Slide View : Parallel Computer Architecture and Programming : 15-418/618 Spring 2017

rc0303

Before "gather" instructions were available, did this require 4 separate loads, one for each instance?

rohany

If we could execute this program on multiple cores, then I think this method would be the best? If one instance grabs the contiguous four elements, then on multiple cores it would have the whole cache line to itself and be more efficient than the interleaved instances as previous

PhiLo

I remember the prof said all instances are mapped to a single core. To run it on multiple cores, I think you have to use ISPC task?

Cake

Yes, this is the launch keyword that is covered in Assignment 1 from Program 3 onwards.

lilli

Blocked assignment with gather is more expensive, but sometimes the algorithm you implement requires using it.

rrudolph

What controls whether this us run on a single SIMD core or four indepentent cores?
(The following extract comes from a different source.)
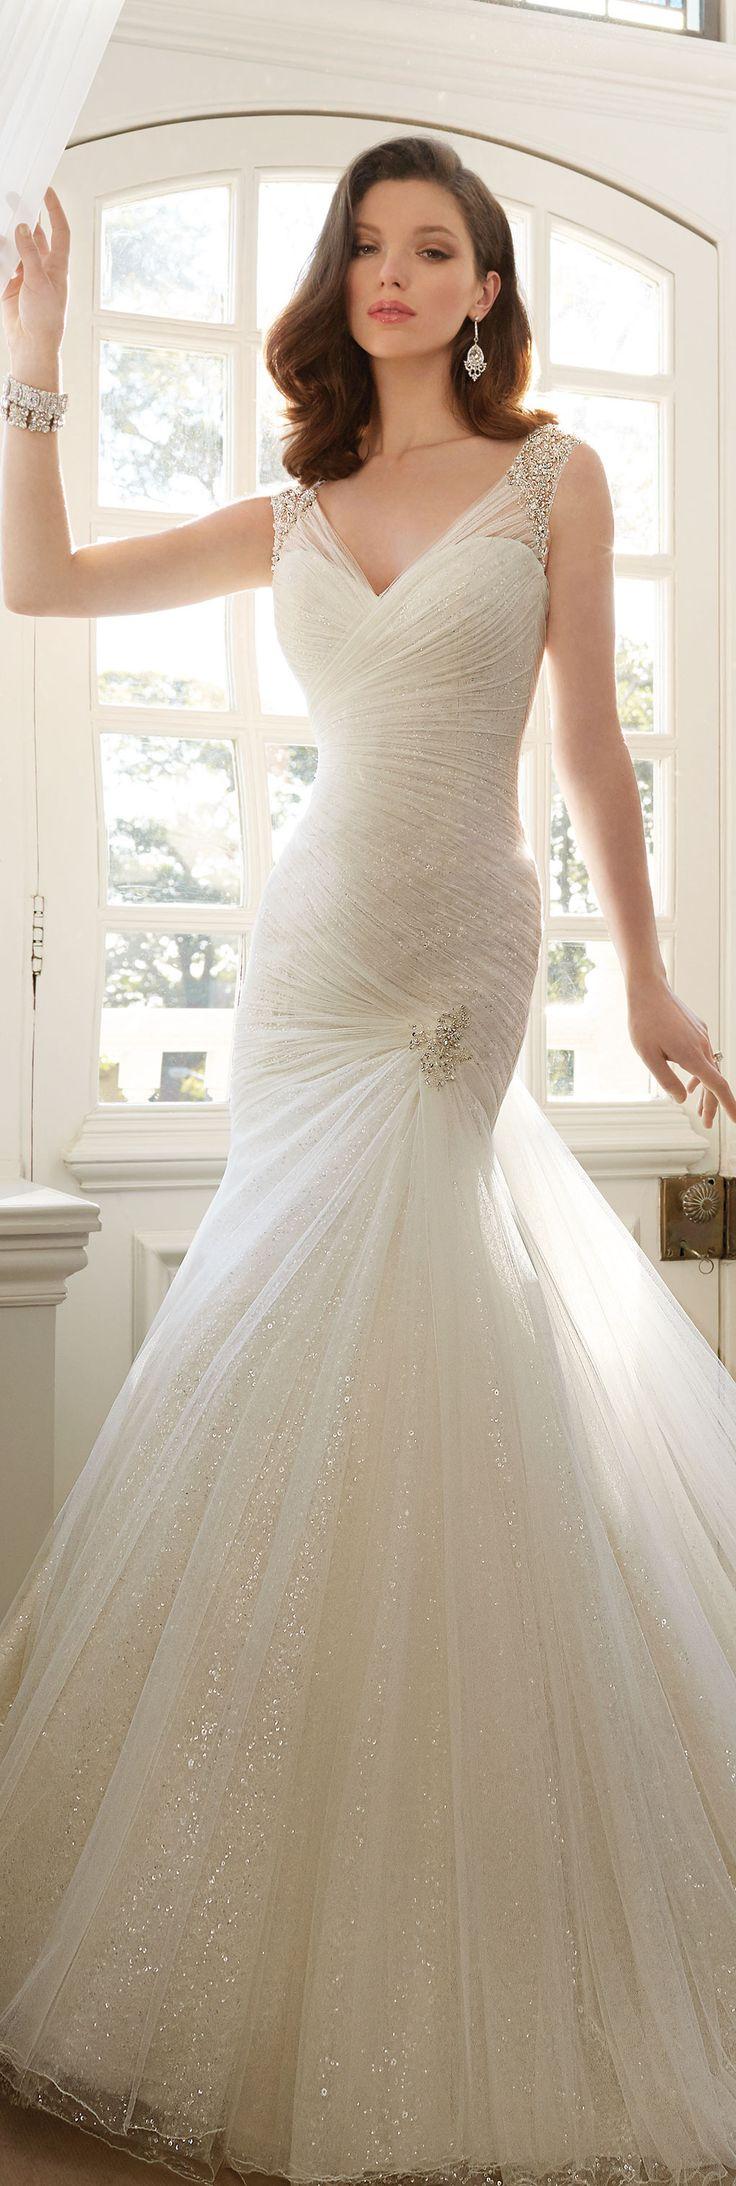 Romona keveza lace wedding dress october 2018  best Couture wedding images on Pinterest  Wedding dressses
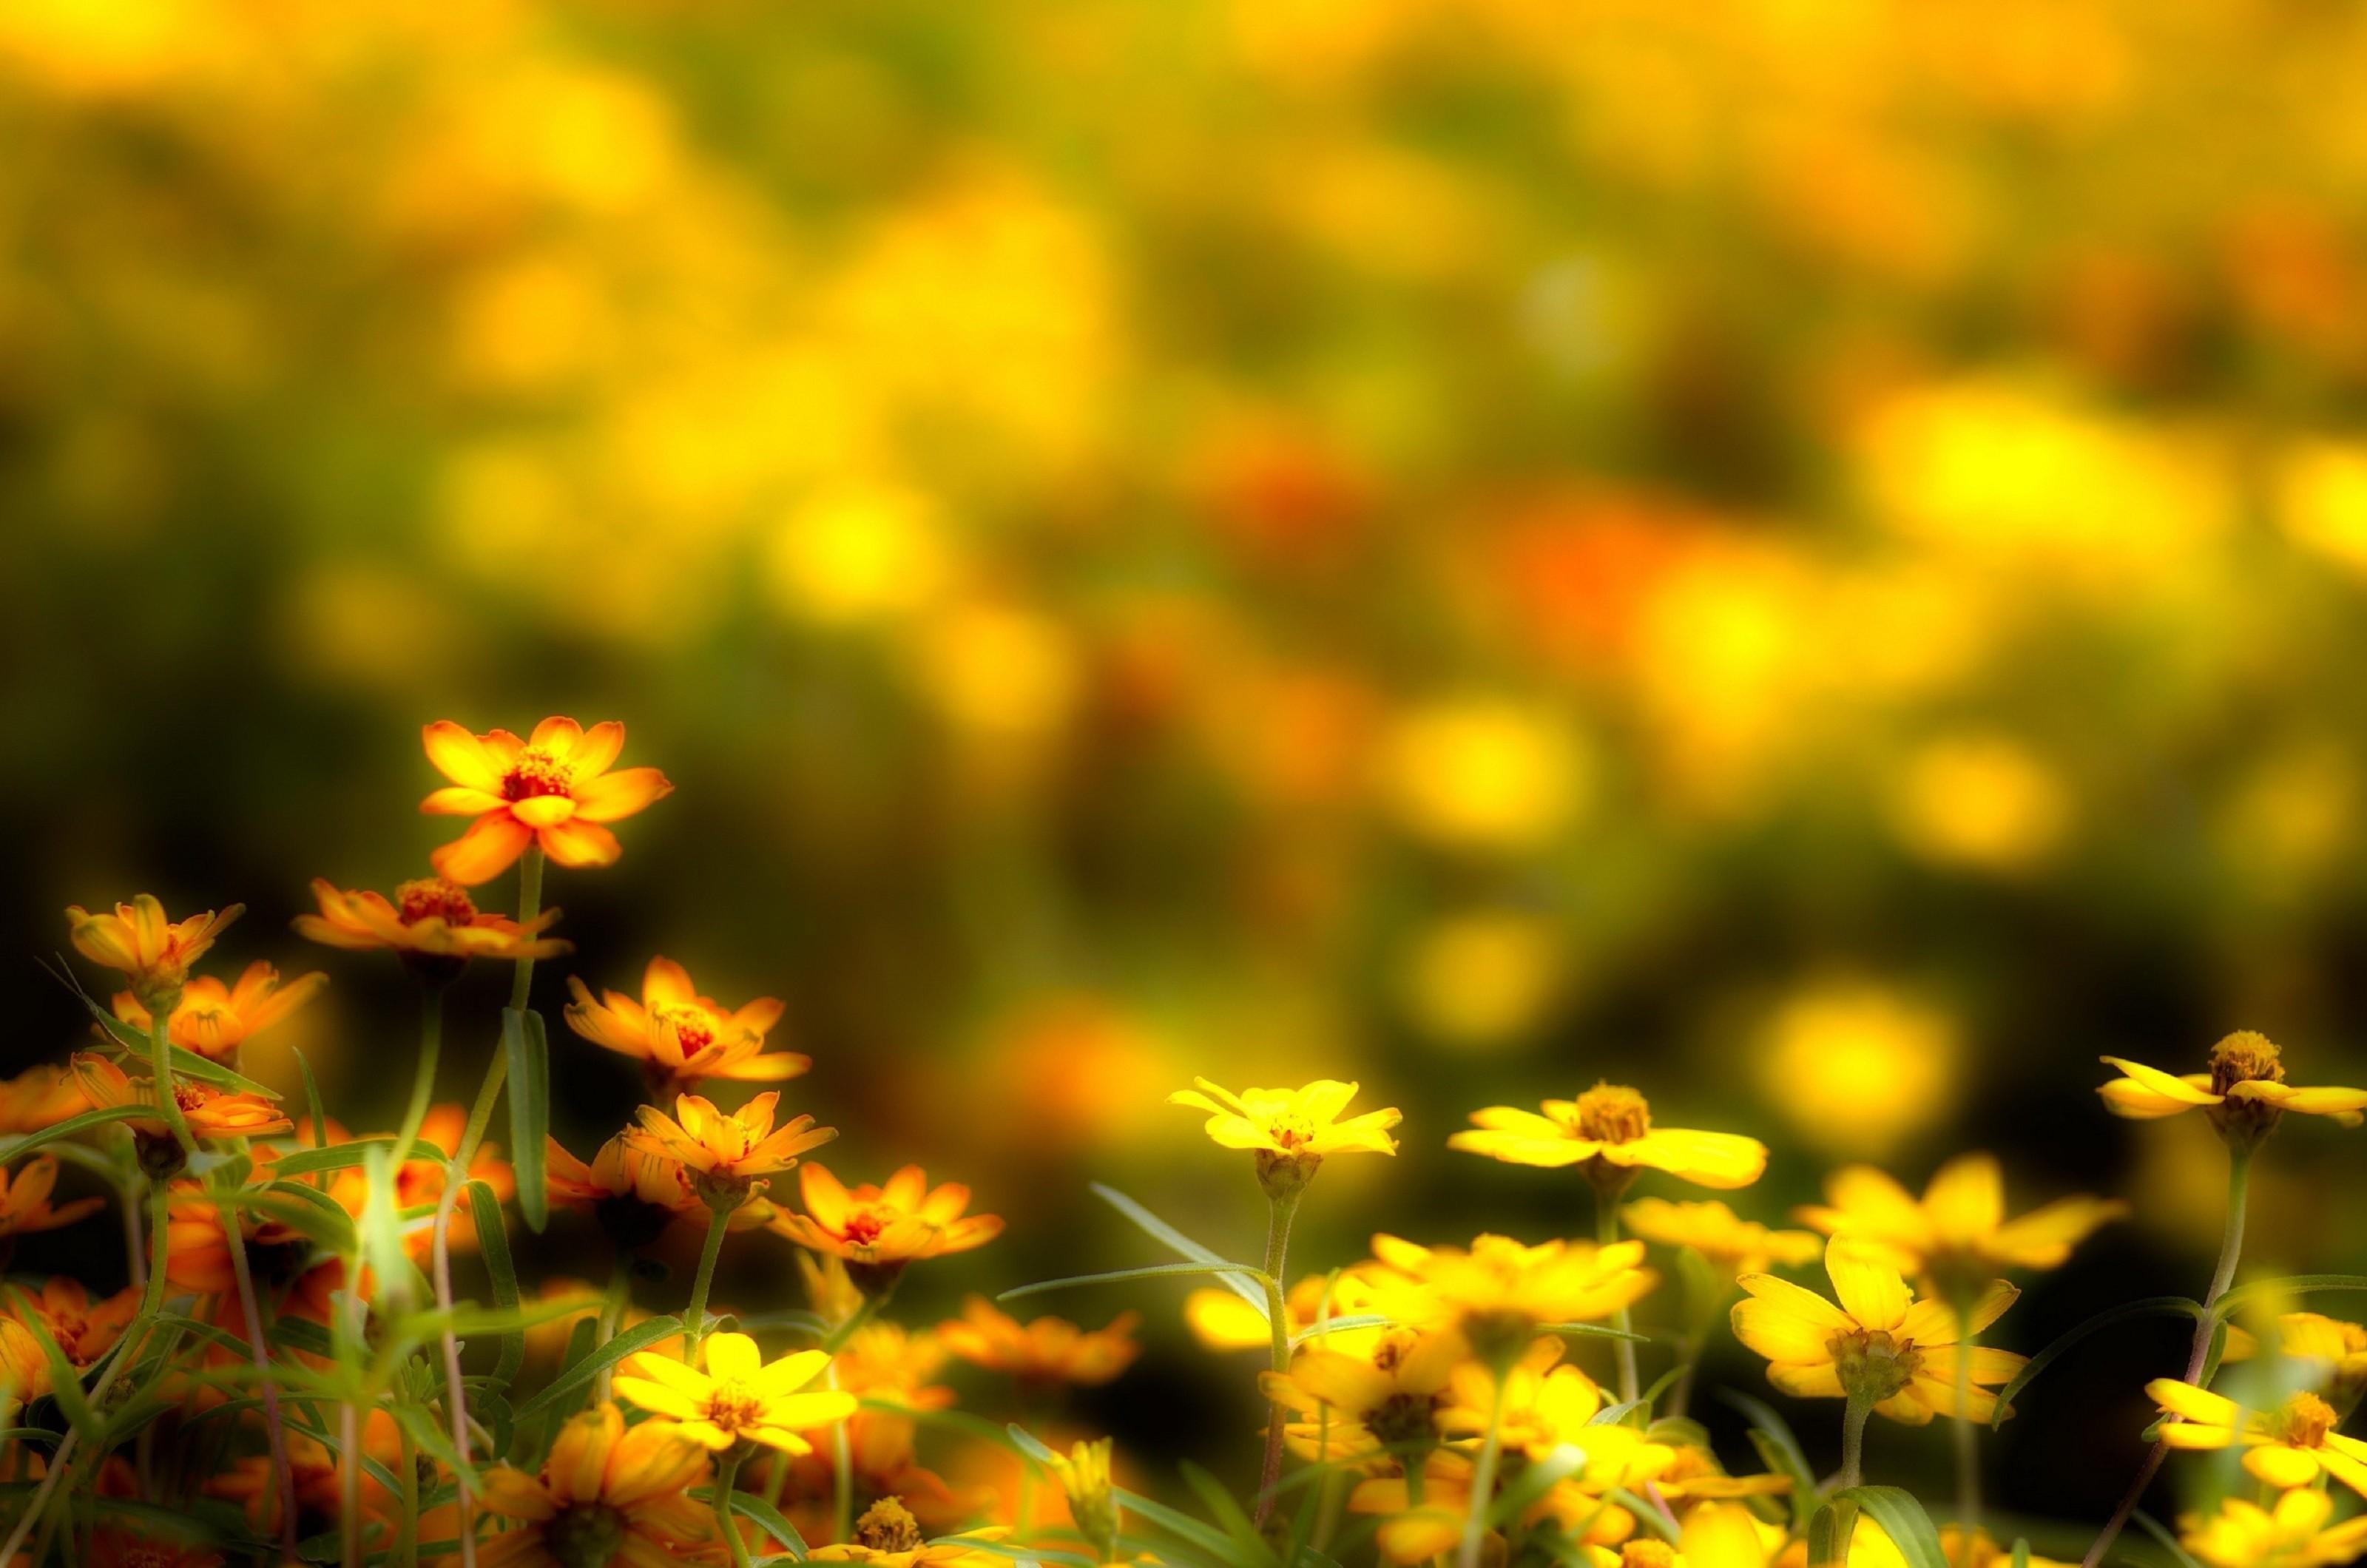 желтые ромашки макро бесплатно

Is that handled by the OS or the ISPC interface? It seems like this scheme would work better (considering cache misses) in the case that it is run on multiple cores.

yeq

This version did not make good use of memory locality.

BestBunny

@yeq Just to qualify your response, it doesn't make use of spatial locality within the same time step although it still has good use of spatial locality across time. So, the inefficiency is also largely a result of having to access these different memory/cache locations at the same time step and the "gather" instruction that is mentioned on the slide.

kapalani

@rrudolph I believe its the ISPC interface. Specifically if we use the launch keyword, the program runs on multiple cores asynchronously and possibly concurrently, while the traditional SPMD parallelism runs the gang on the same SIMD core utilizing vector instructions.

nemo

Conclusion from this discussion:

If no tasks, then the processing happens on the same core.
'Gather' is better than 4 loads but worse than one packed load.
Caching is useful but number of instructions being run to access the data is also important.

rrp123

I remember Kayvon saying in class that in general, worker 0 in a gang generally uses vector lane 0 to run all it's load. Is this always true or was that the case just in this example?

tarabyte

Upon my first inspection, I thought this program would result in better use of the cache and spatial locality. However, it's actually the opposite. The program will instead cause a bunch of cache misses as the different instances overwrite the cache with the piece of the array it needs.

Levy

If you choose this kind of assignment, the ISPC compiler will throw a warning to you: [Performance Warning] ... It also works for storing values.

whitelez

This reminds me another problem. In ISPC, the cache is shared through all gang members. However, in the pthread version of it, which assignment would have better locality? Does it depends on how OS schedule the threads context switch?

bschmuck

Does the term "gang" refer specifically to only the operations that are run in parallel using SIMD, or does it also refer to the tasks that we explicitly launch to multiple cores?

machine6

@bschmuck An ISPC task upon launching is performed by a single gang of instances. The gang instances themselves are executed by vector instructions.

Think of it this way, to run a gang, you need an execution context. To run a launched ISPC task, we need an entire core.